Thanks to Jungle Kitty whose Golden Boy gave me the idea and Sarah McLachlan who gave me the inspiration
Disclaimer: All implied characters belong to Paramount. If you can find 'em in here, you can have a claim on every cent it don't earn.
Compliments and Criticism welcome. dimarchos @ sbcglobal.net

~ Reasons ~

by SAMK

So much anger so deeply engrained
seemed a burden that was [his] alone
[He] didn't think that there was anything wrong
with wanting a life that [he] could call his own.

How could I explain? You would not want to hear
You wouldn't listen if I talked anyway
for you were too weighed down by your own fears.

Sarah McLachlan


How can you say that it was entirely my fault? I admit, I made the choice, refused to allow you any deeper into my mind, but you kept insisting, and you set down the ultimatum, that it was all or nothing. I did understand how important it was to you, but you refused to accept how important it was to me. Now you want to know why? After all these years, you finally want an explanation. Where can I begin?

My father, of course. Where else would it begin? My entire life was spent trying to satisfy him, to earn one word of praise which was not qualified by some complaint. Of course you knew I was driven. How else would I end up the youngest captain in Starfleet, the youngest admiral, the most famous name since Zephram Cochran? You never knew that with each victory, each new honor, each "well done" from the admiralty, I could still hear my father's voice whispering in my ear. "Yes, but..." But you destroyed a research opportunity. But you allowed your men to die. But you should have known sooner. But you should have been better. You never wondered why I kept returning to the farthest reaches of space, away from the long arm of Starfleet, where I could play fast and loose with the rules. To me, the only rule was success. Nothing was more important, not the prime directive, not the whole list of Starfleet rules and regulations, nor the opinion of any man. I suppose I should be thankful that my goals were, for the most part, benign, because I certainly set myself up as greater even than God when it came to deciding right and wrong. No, I do not want to discuss religion. Yes, I know, we have met our share of gods who were no such thing, easily fallible. No, that is not what I mean.

What I am trying to say is that my father was always there, dead or not, telling me I had to be better, the same as he was when I was only a dreamer, watching the stars and longing for the chance to flee the narrow confines of an Iowa farm. Except they always came with me, those walls, the empty spaces. You don't know how confining distance can be, until it is inside of you, and all you can do is fight to get away. Half of my so-called conquests were merely a fight against my father's morality, the same black and white code of thou shalt not that had been handed down through millennium. And every one of them was just another way of saying, "I am free of you at last." Even you started out that way.

I know, there was so much more between us, so many unspoken feelings. But the sex, that was always the best part, and always, for me, the worst. Because how could I admit, each time I gloried in the hot touch of your hands on my skin, at every breath shaped lovingly by those lips, at all those wonderful moments of unrestrained passion, that inside, I knew it was wrong. It would have destroyed you to know I felt that. Even now, I can see the hurt in your eyes. Yes, you would think in a world where there are more species and more ways of sex than man could imagine, in a world where ideas are a light beam away, and other cultures are as common as grass in an Iowa prairie, you would think that parochial, narrow-minded religious dogma could have no more hold. You would think that. But you would be wrong.

And even so, that was only part of the reason. Because I was pretty sure that together, you would help me get past that shame, the self-loathing of wanting another man more than life itself. I knew your love could clear the ghosts of my past and help me to be a new me. Except for one thing. You offered to replace the molding force of my father with yourself. How could I possibly let you into my mind, let you claim a part of my very soul, when I had never had a chance to be myself? Was it so very wrong to want a life of my own before I gave it to someone else?

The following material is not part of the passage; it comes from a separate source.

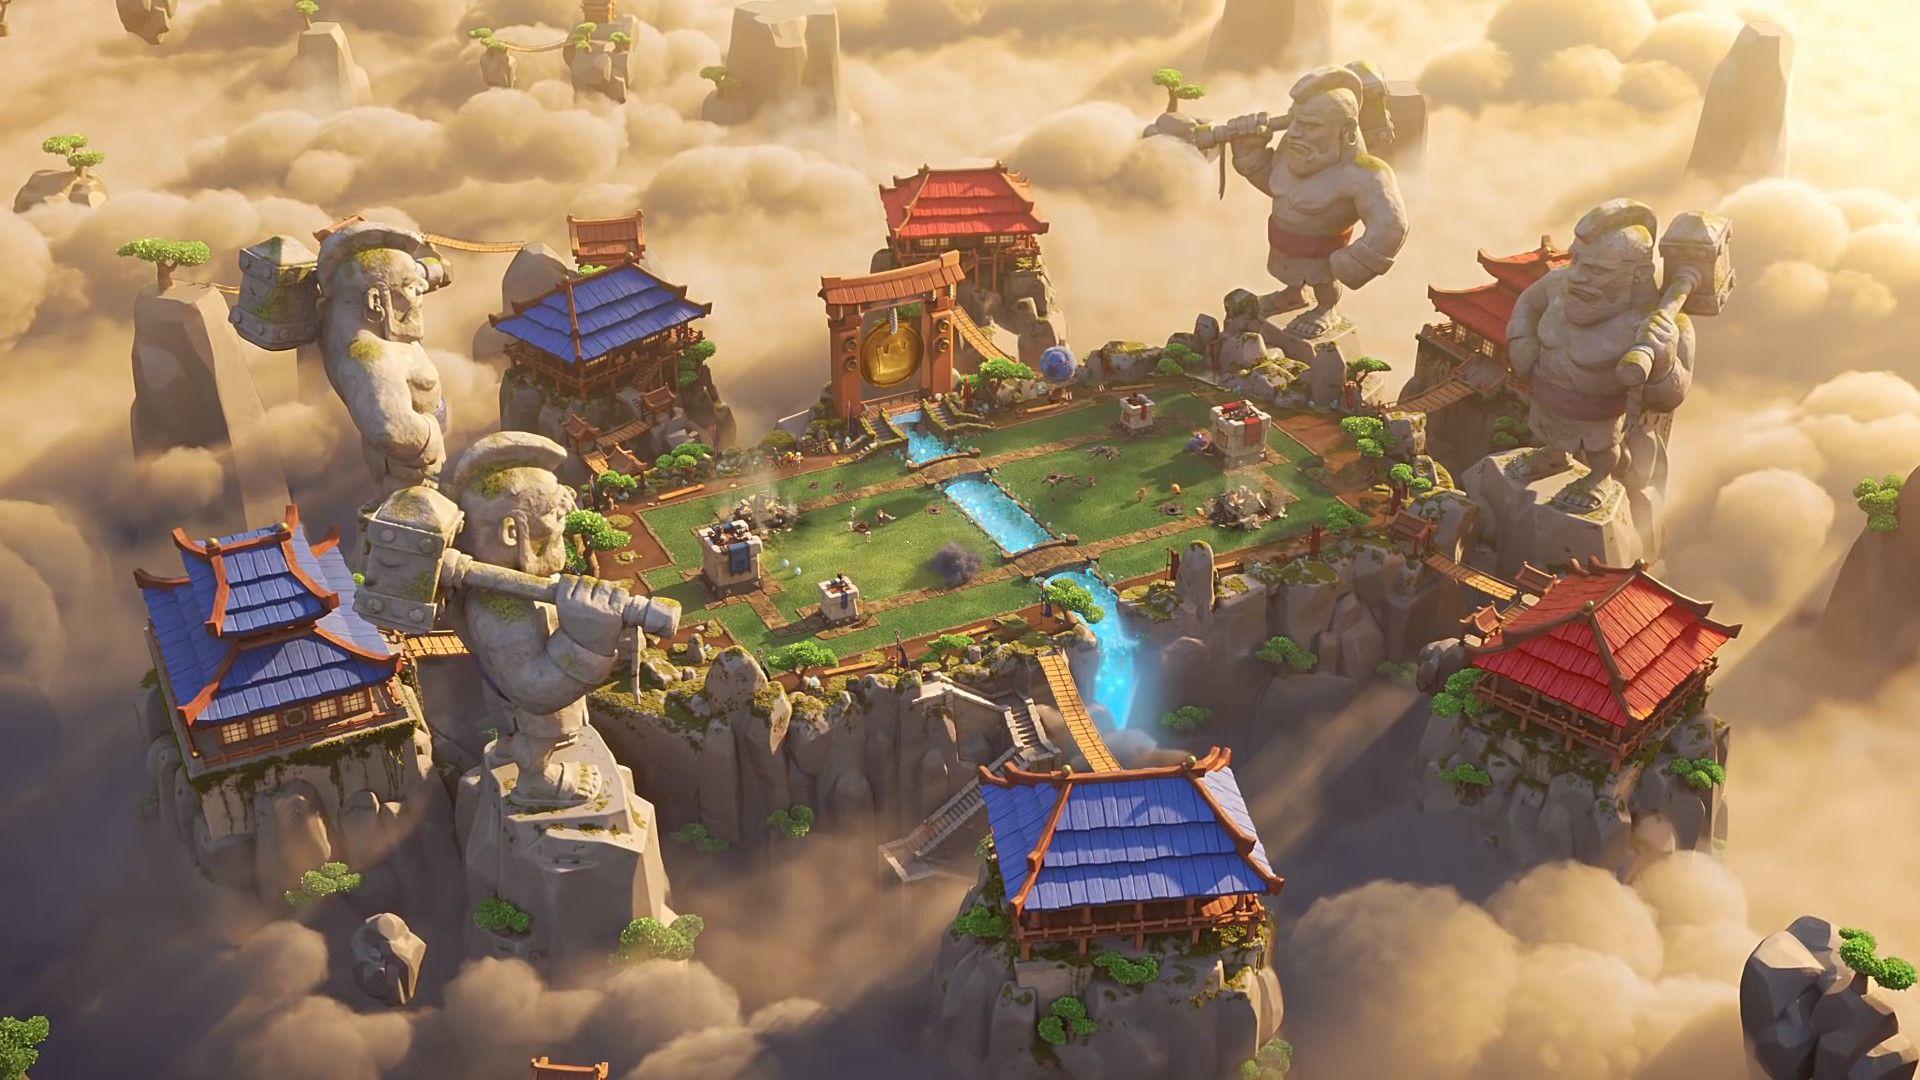 Clash Royale Legendary Arena 1080p Quality Wallpaper Clash Of

How could I have possibly told you these things all those years ago? You carried your own father like an avenging angel on your back, driving you ever onward. Tell me you did not have your own shame to bear, the guilt of an impossible love, the humiliation of finding that your body wanted more than it should be allowed to take. Every time you lost control, every time the heat of our desire drove you into mindless pleasure, I could see you withdraw afterward, trying to contain a Vulcan mask over the unexpected delight. You never would admit that you enjoyed sex with me, and in denying, you helped me make it less than it should have been.

And when I ran from you, from the temptation you held out to me like the serpent in Eden, did you come after me? No. Your own fear drove you further away, to deny everything that we had ever been in the Kohlinar. So how can you say that it is my fault, this distance that stands between us? It is years of little hurts, and the sins of the fathers visited on the sons.

But I never came here to place blame. I have felt the hurt in equal measure, and I have suffered for my crimes as much as ever I made you suffer. It is all past, and as you say, it is not logical to dwell on the past.

A deep breath.

The reason I am here, now, is to say... I am ready now. If you can forgive me. I would share my life with you. I would give you my soul, if you will only take it.